【完】『けったいなひとびと』
車窓からヘッドライトやテールライトを眺めてぼんやり考えているうち、いつの間にか眠りについていたらしい。
駿が起きたときにはすでに横浜駅の近くであった。
駿はまだ朝が早いのを時計で確認し、横浜駅で降り、仕込みで起きているはずの川崎の柏木に電話を入れ、
「いきなり悪いな」
と言い、店の隅で身支度をさせてもらい、ついでに賄いの卵丼で腹ごしらえをしてから、まだ空いていた南武線で武蔵小杉まで出、懐かしい東横線に乗った。

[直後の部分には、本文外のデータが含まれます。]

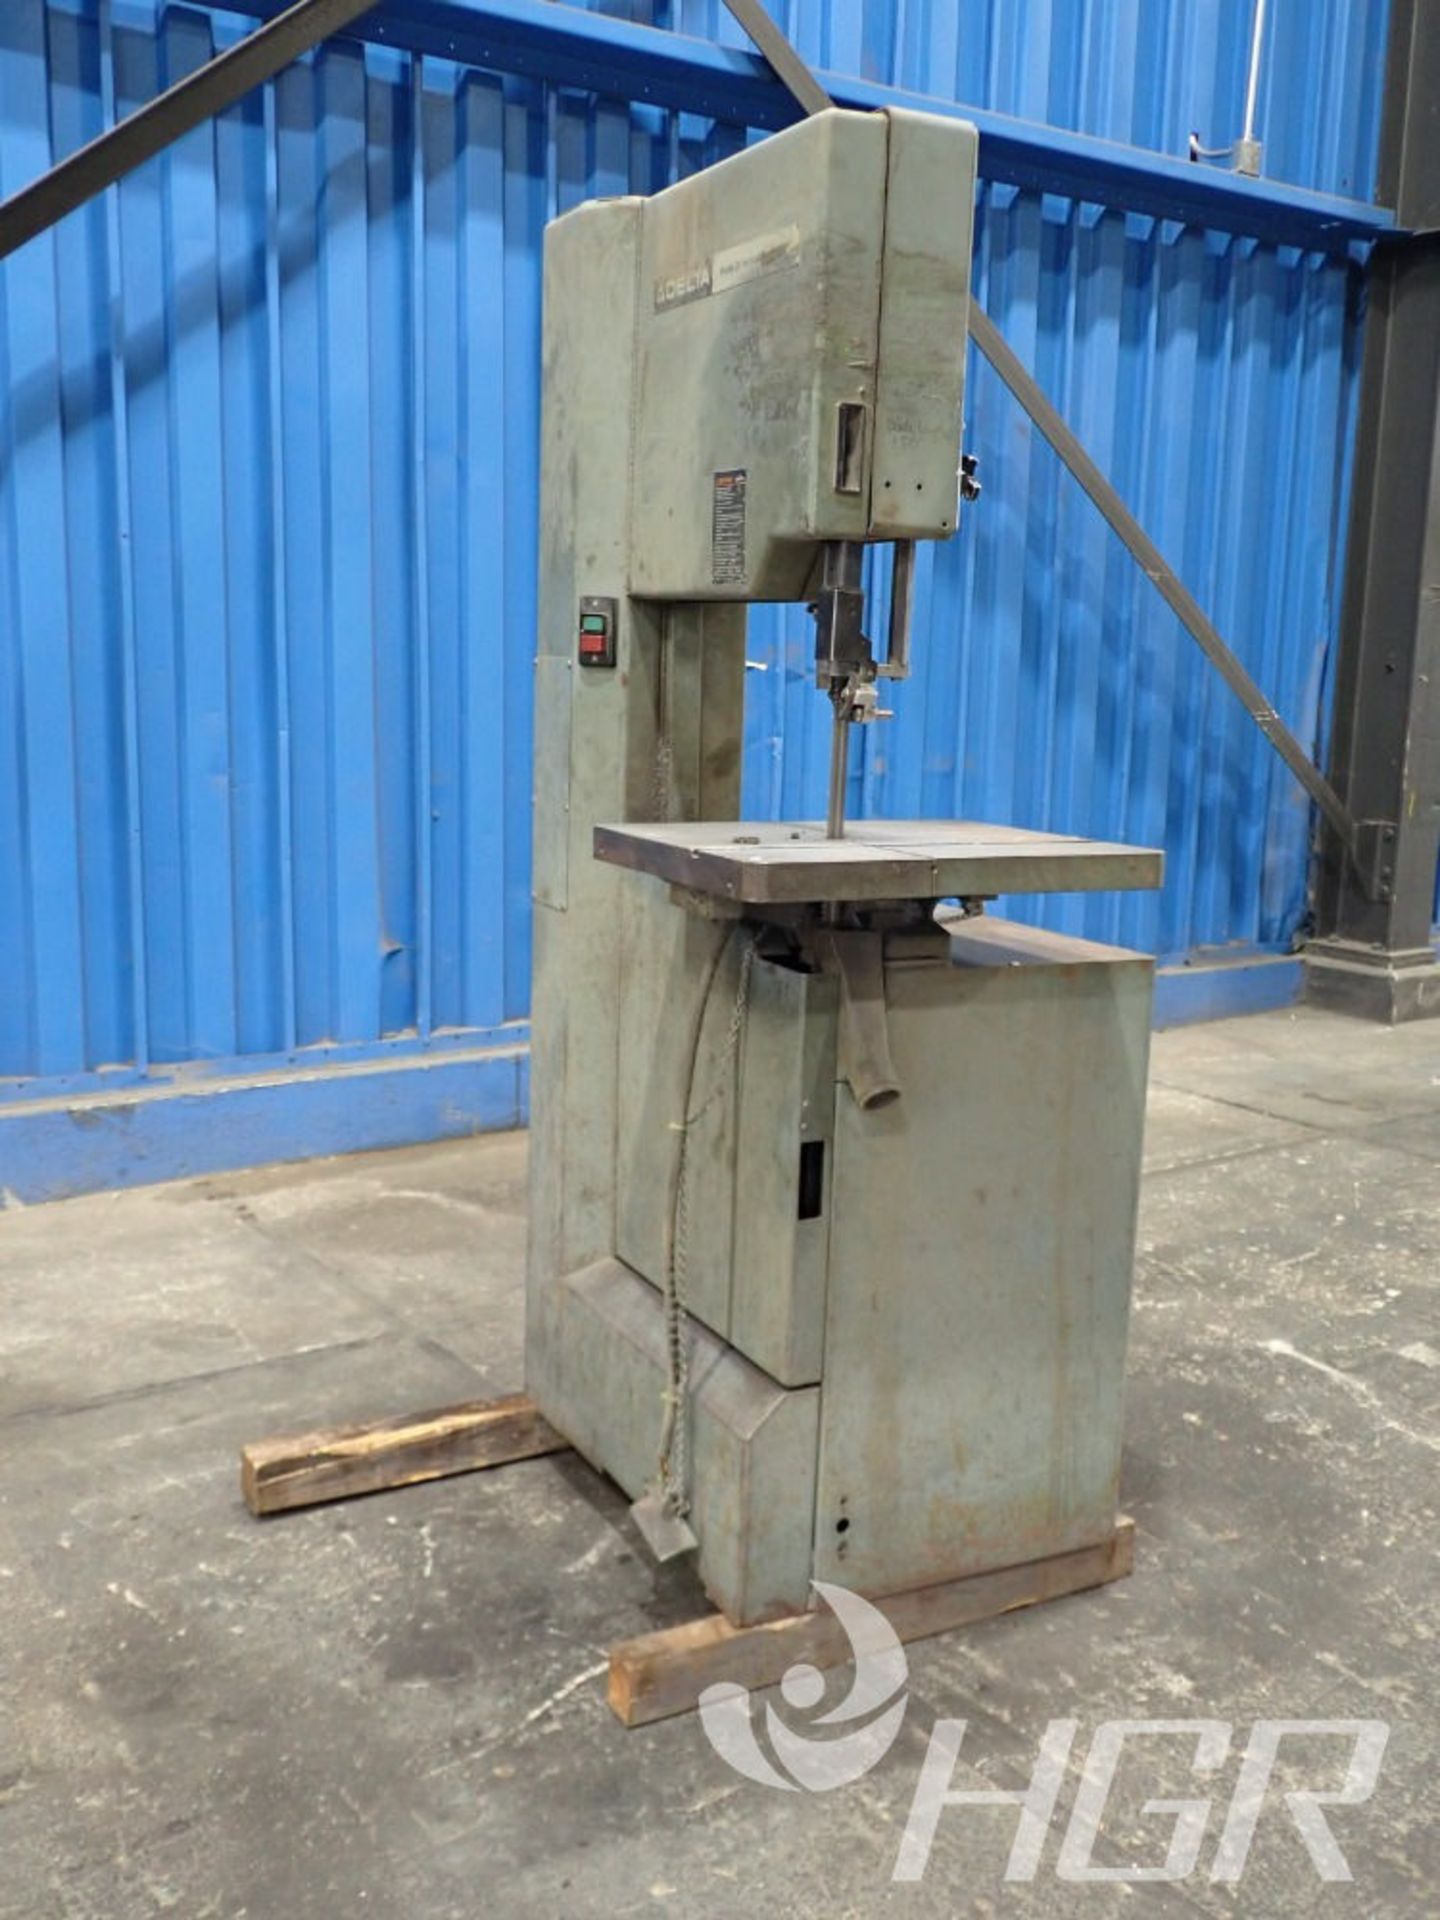 DELTA VERTICAL BAND SAW , Model 28-654, Date: n/a; s/n 88FA2262, Approx. Capacity: 20X8, Power: 3/

本社のビルは最寄りの駅が神谷町であったからあとは日比谷線に乗るだけで、何となく記憶で乗ってみたが、意外と体がルートを覚えていた。
本社に着いてみると少し早かったので、コンビニで買った文庫本で時間を潰し、ぼんやり窓の外を眺めていた。
車で通勤していたからか気づかなかったが、案外木々が多くて、椋鳥や鵯が賑やかしく鳴いていたり、中庭に真っ赤な椿が植えられて、ちらほら花を咲かせていたことに、駿は今更ながら気がついた。
「灯台もと暗しとは言うたもんやな」
ひとりごちて笑んでみると、見慣れたシルエットが来た。
「あ、伊福部くんおはよー」
紫である。
「今日は朝一で仕事?」
「何か社長が火急の要件やから来い言うて、せやから夜行バスで京都から来た」
「うわぁー…大変だなー」
紫は心配そうに眉間にしわを寄せた。